§ **TASK BRIEF**: In the listing beneath this line, copy exactly the lines starting with the one containing "These Pepperoni Cheese" and going on through the one containing "My mission in".

§ **RECORDS TO USE**:
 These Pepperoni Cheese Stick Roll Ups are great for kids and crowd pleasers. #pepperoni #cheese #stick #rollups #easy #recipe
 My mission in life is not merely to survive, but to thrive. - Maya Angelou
* * *
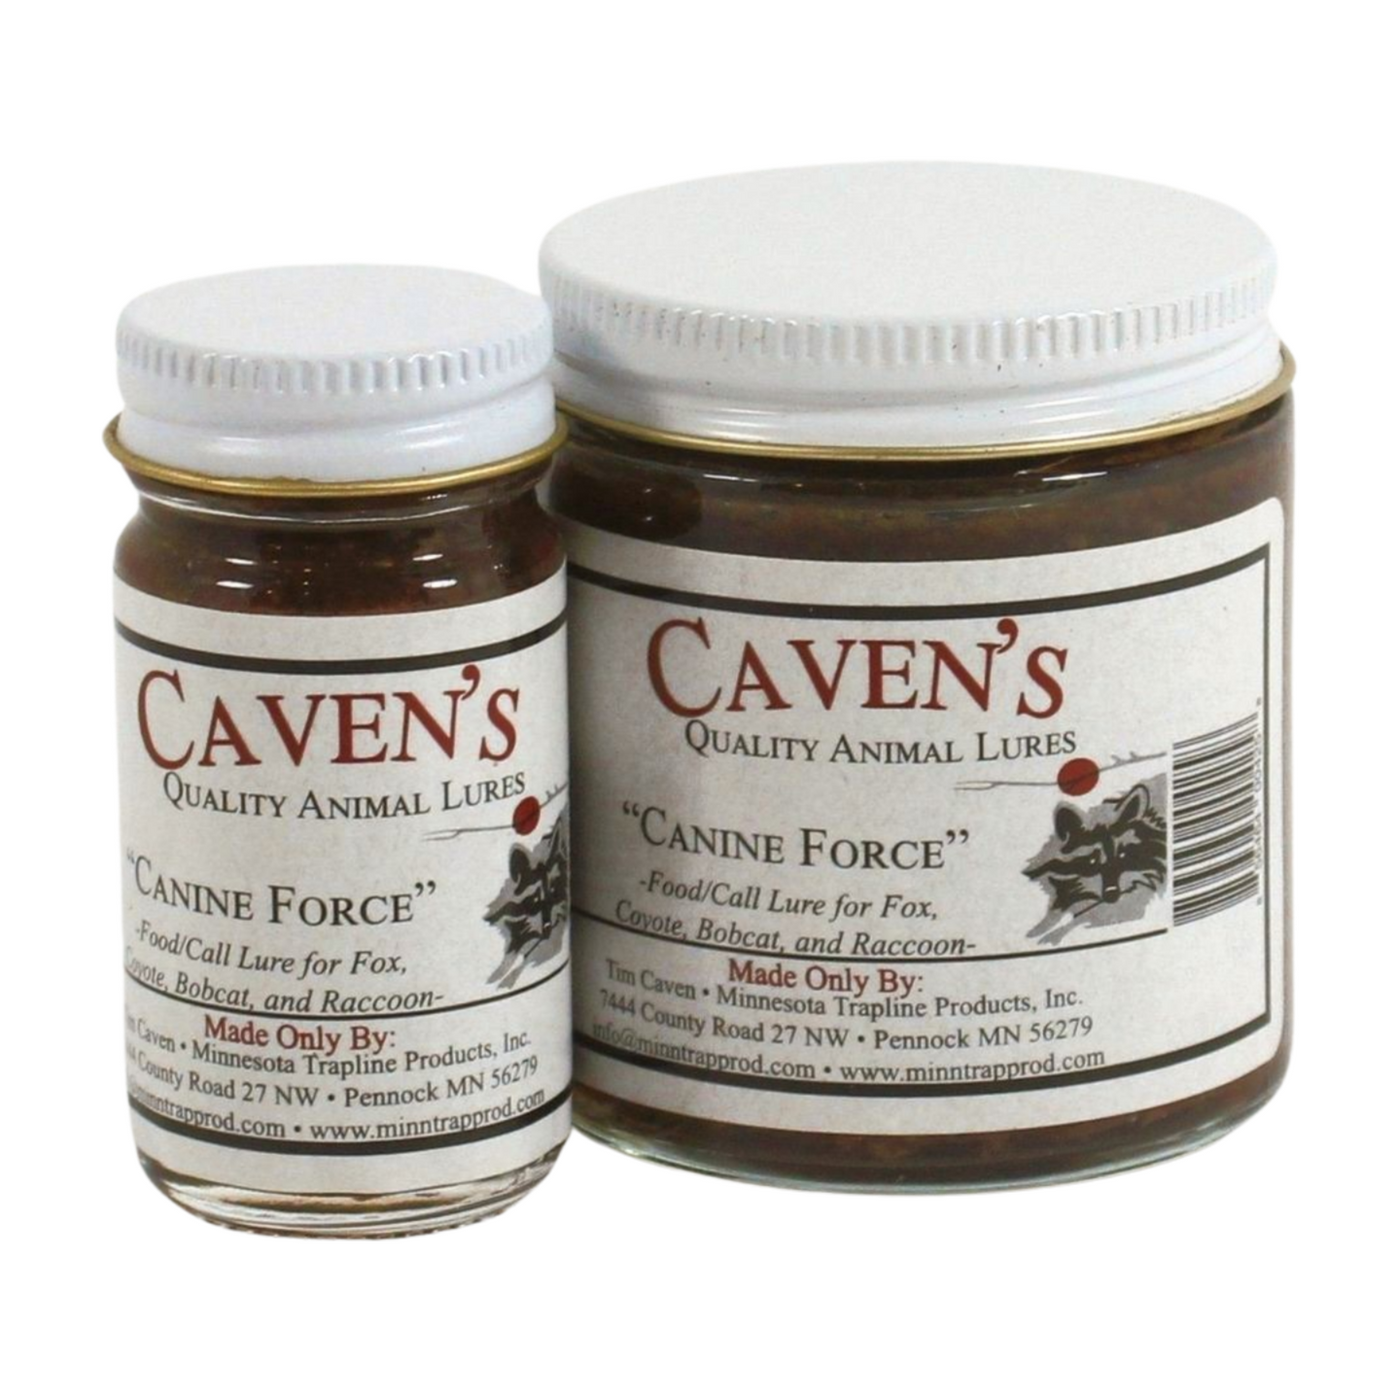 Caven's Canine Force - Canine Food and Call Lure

§ **RESPONSE TO THE EXERCISE**:
 These Pepperoni Cheese Stick Roll Ups are great for kids and crowd pleasers. #pepperoni #cheese #stick #rollups #easy #recipe
 My mission in life is not merely to survive, but to thrive. - Maya Angelou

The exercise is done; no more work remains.